The contents will allow you to play with a Keras model forecasting sales for the data from: https://www.kaggle.com/c/rossmann-store-sales
You will be able to run your code locally and on google cloud platform for scalability.
This beginner-level workshop will guide you through implementing a sales forecasting neural network model based on an openly available dataset. We will go through some basic neural network theory and apply a systematic model improvement approach to get from a simple model to a more complex one, trying out various tricks along the way.
- data: train and store coming from kaggle Rossman case:
- train1, eval1: data filtered for just one store (date ascending)
- output - where the checkpoint models are stored
- gcp-output - where the checkpoint models from the cloud are downloaded
- notebooks - useful notebooks
- scripts - scripts (mainly gcloud) for dealing with google cloud
- trainer - main model
- python: beginner level
- a laptop with some software configured (see setup instructions)
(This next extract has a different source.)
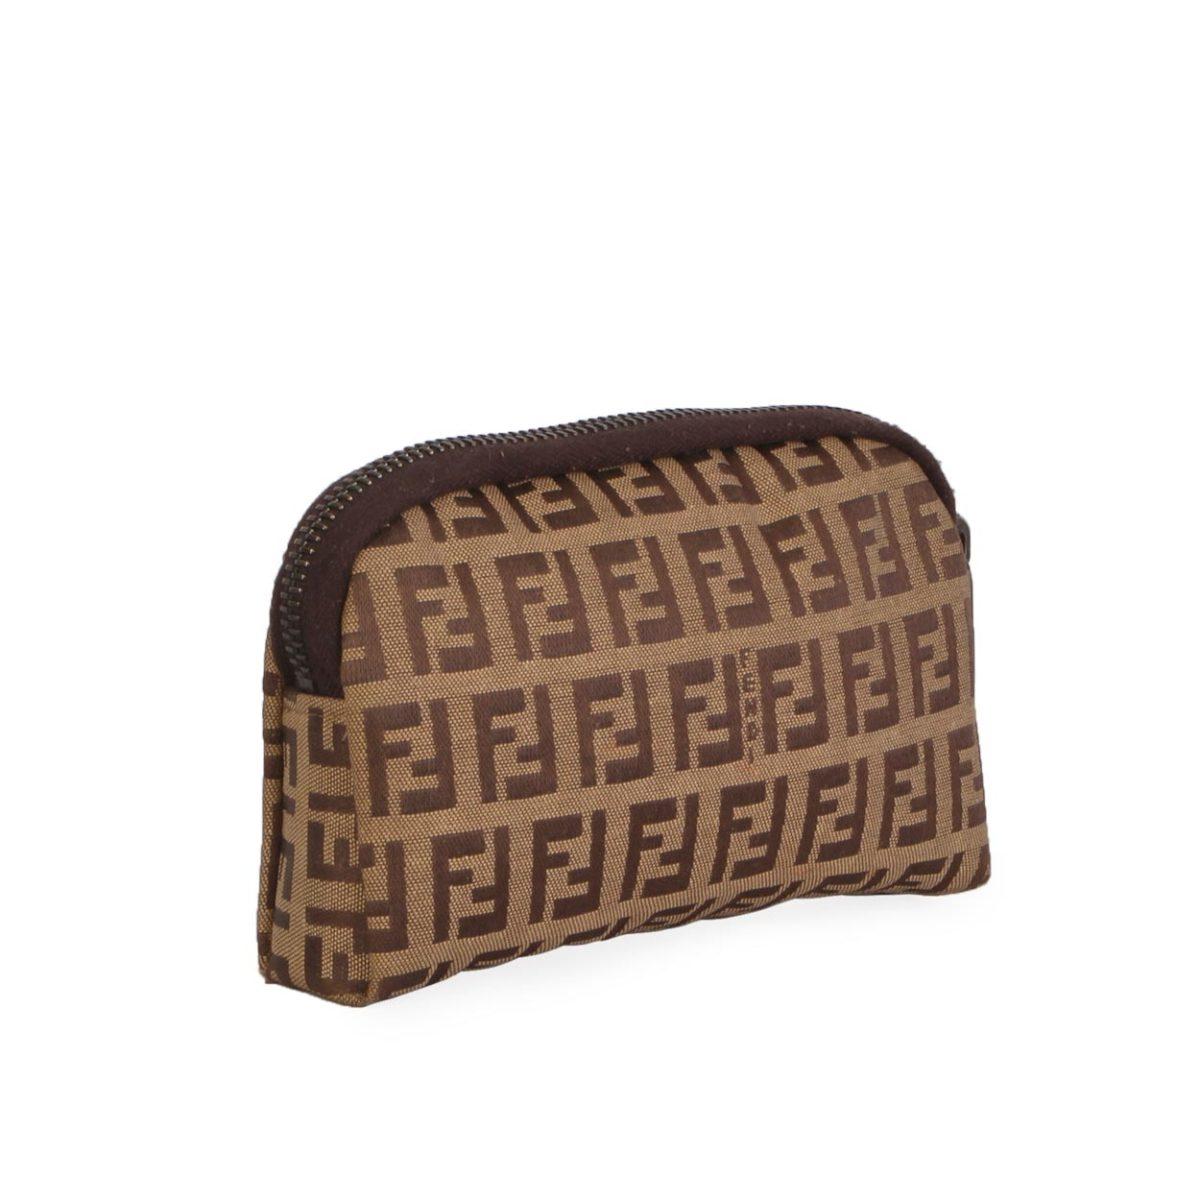 FENDI Zucchino Cosmetic Pouch  6be431914880c
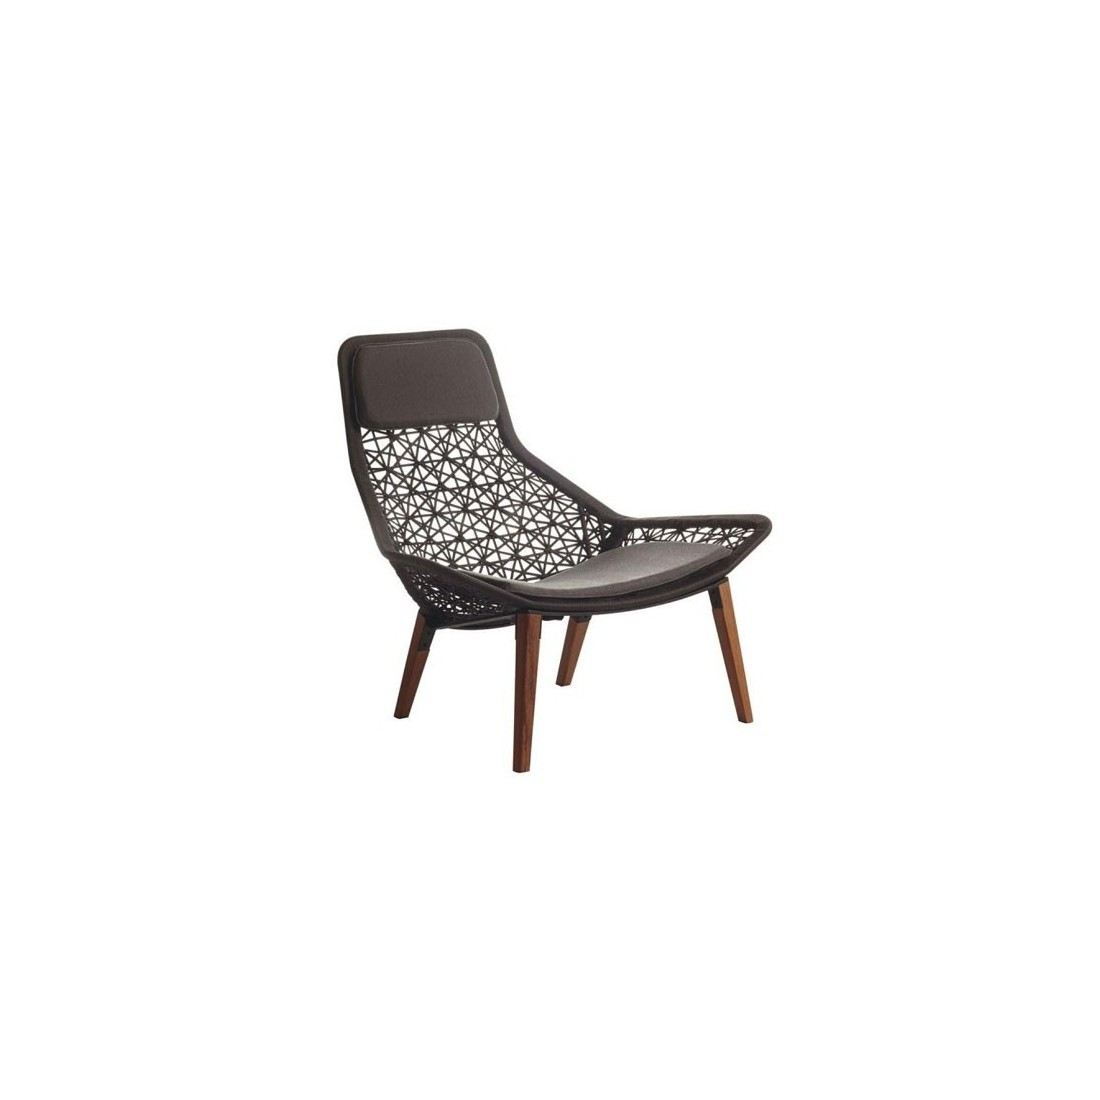 fauteuil relax maia pieds en teck kettal kettal confort. Black Bedroom Furniture Sets. Home Design Ideas

- pandas, numpy, sklearn: nice-to-have
You will need:
- a clone of: https://github.com/gregaw/sales-forecasting-with-nn.git
- anaconda (https://conda.io/docs/user-guide/install/index.html)
- [optional] google cloud ml-engine (there's free tier available) and shell (https://cloud.google.com/sdk/)
Once you get those installed (and have this git repo cloned locally), run:
conda create -n mlengine python=2.7 anaconda
source activate mlengine
pip install -r requirements.txt
Note : (you can also set it up with python=3.6, but you might have problems running this on GCP ML-engine) Note2 : check the setup.txt with some dumps of the environment correctly setup.
- tensorflow is available with python 3.x only, so use:
conda create -n mlengine python=3.5 anaconda
import model
in task.py becomes:
from trainer import model
print 'text'
becomes:
print('text')
source activate mlengine
becomes:
activate mlengine
Use run_next_local.py, which will create a new job_name (with sequential numbers)
python run_next_local.py
Use scripts under scripts
- set your arguments in scripts/config.txt
Note gcloud job name has to be unique in your space!
- run the job
scripts/job-cloud.sh
- download the results locally
scripts/download.sh
- explore the results with local TensorBoard